I have a series of .csv
files that look like this :
a.csv
contains
id, a, b, c
1, 10, 0, 0
2, 3, 0 , 0
3, 20, 0, 0
b.csv
contains
id, a, b, c
1, 0, 7, 0
2, 0, 9, 0
3, 0, 14, 0
c.csv
contains
id, a, b, c
1, 0, 0, 12
2, 0, 0, 8
3, 0, 0, 22
I'm trying to figure out the most efficient way to read them in and create a dataframe that looks like this
id, a, b, c
1, 10, 7, 12
2, 3, 9, 8
3, 20, 14, 22
What would be the best way to do this if there are many more files with many more columns and rows? tidyverse
is preferred.
CodePudding user response:
How about this.
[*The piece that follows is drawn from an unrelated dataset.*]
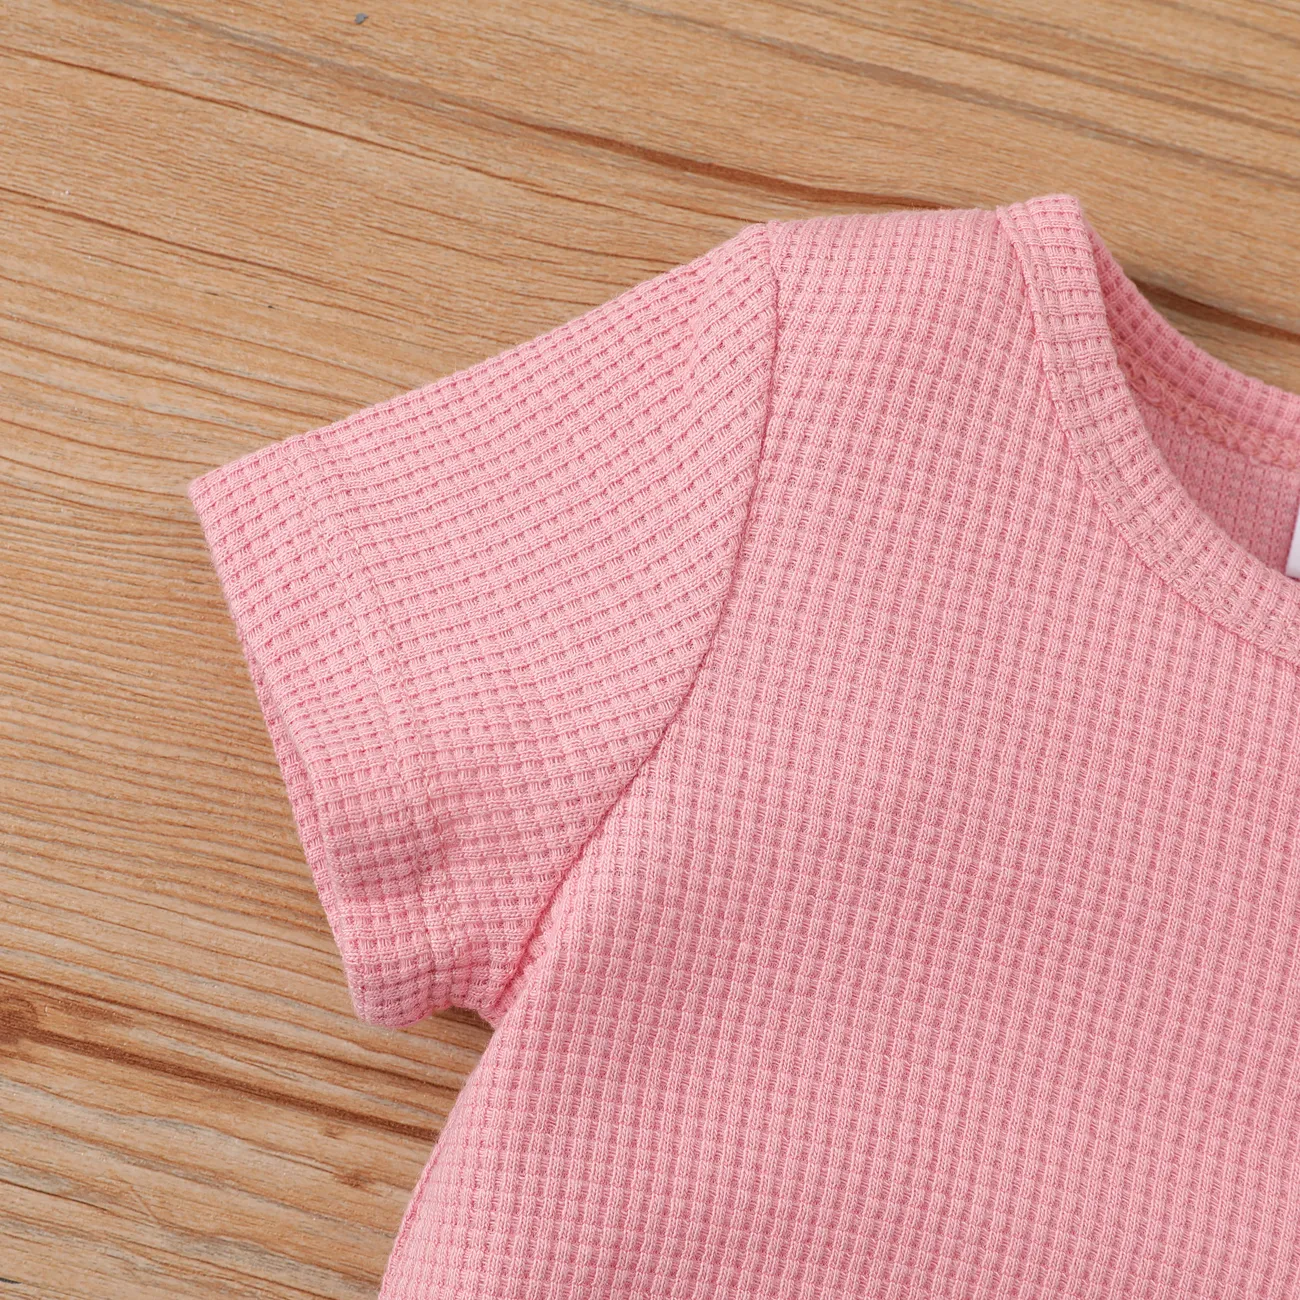 嬰兒/幼兒男孩/女孩 2 件套熊刺繡 T 恤和短褲套裝 粉色 big image 1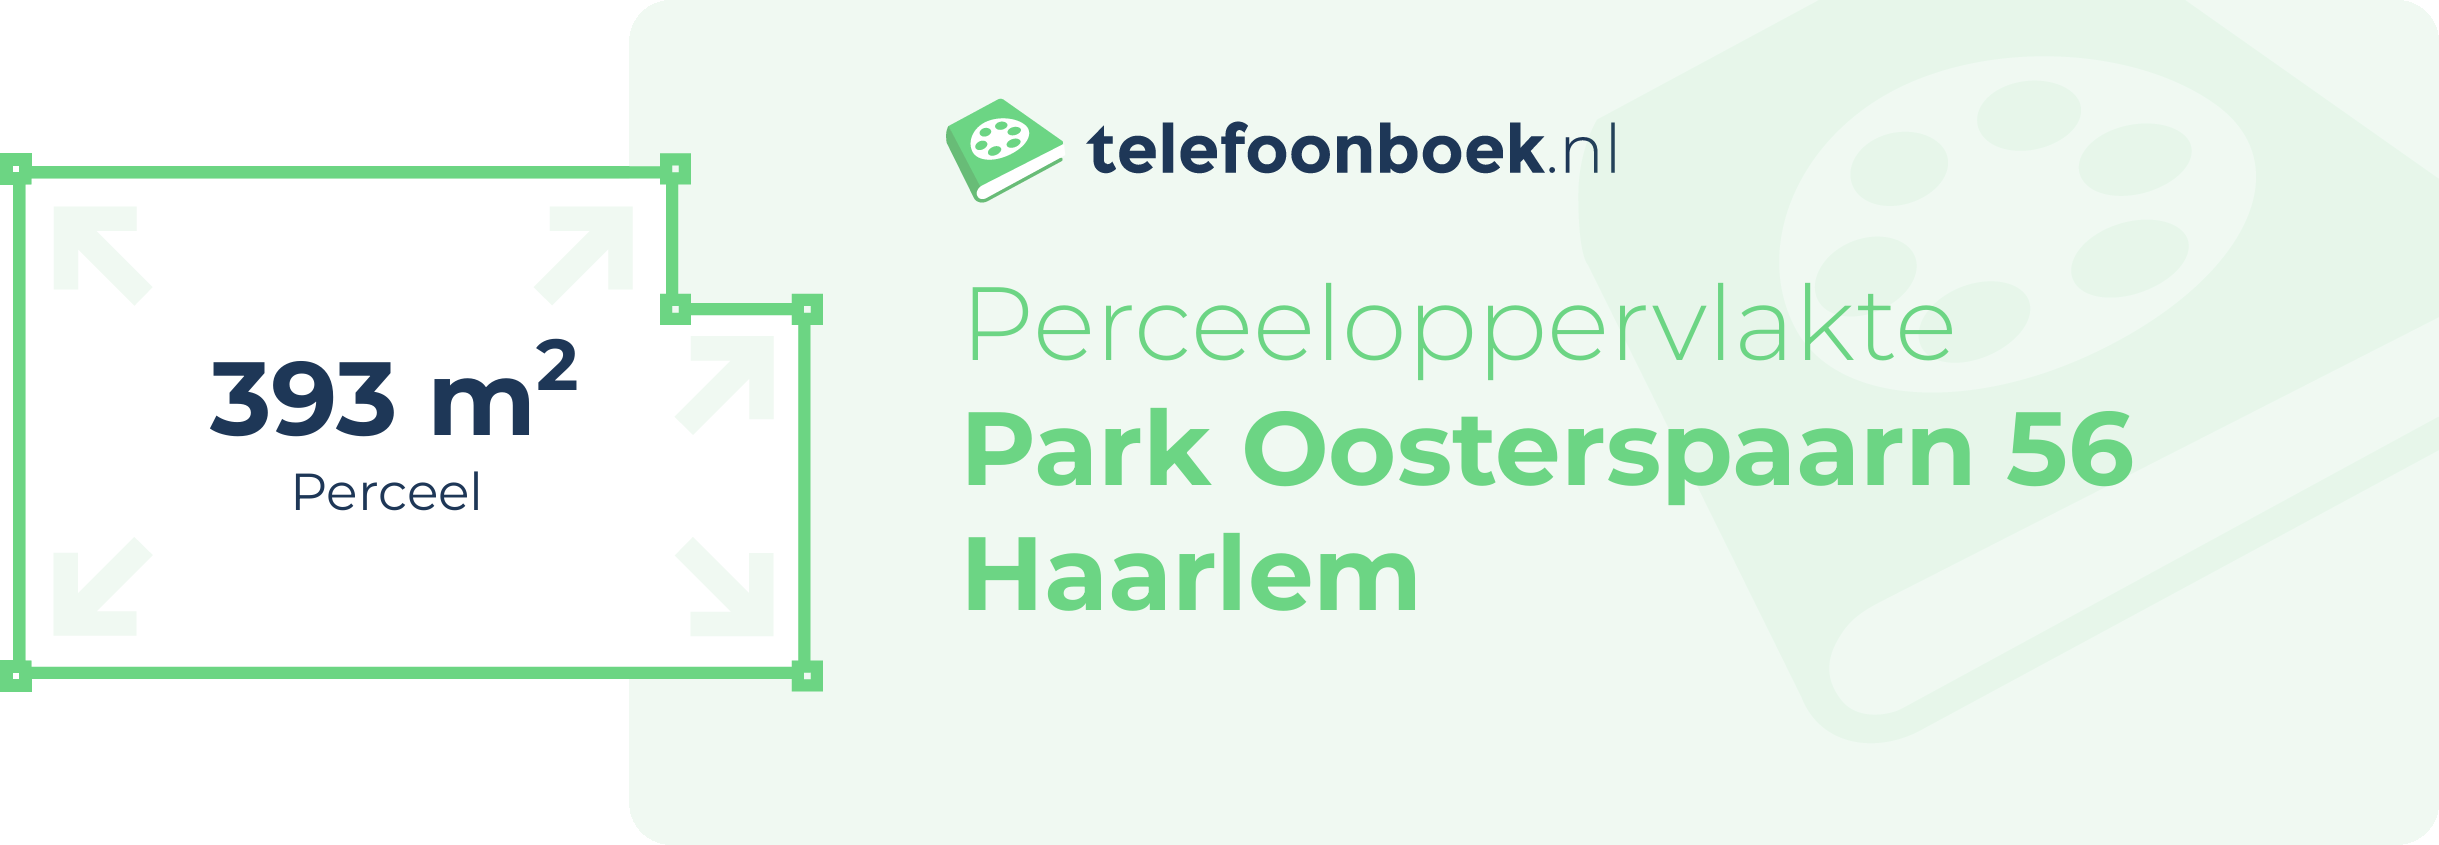 Perceeloppervlakte Park Oosterspaarn 56 Haarlem

If all redundant columns have zeros, then you can go long, filter out the zeros, bind the rows, and then go wide.
library(tidyverse)
df_a <- read_table("id a b c
1 10 0 0
2 3 0 0
3 20 0 0")
df_b <- read_table("id a b c
1 0 7 0
2 0 9 0
3 0 14 0")
df_c <- read_table("id a b c
1 0 0 12
2 0 0 8
3 0 0 22")
list(df_a, df_b, df_c)|>
map(\(d) pivot_longer(d, cols = -id) |>
filter(value >0)) |>
bind_rows() |>
pivot_wider(names_from = name, values_from = value)
#> # A tibble: 3 x 4
#> id a b c
#> <dbl> <dbl> <dbl> <dbl>
#> 1 1 10 7 12
#> 2 2 3 9 8
#> 3 3 20 14 22
Or better yet, read in the data marking 0 as NA and then coalesce the data frames.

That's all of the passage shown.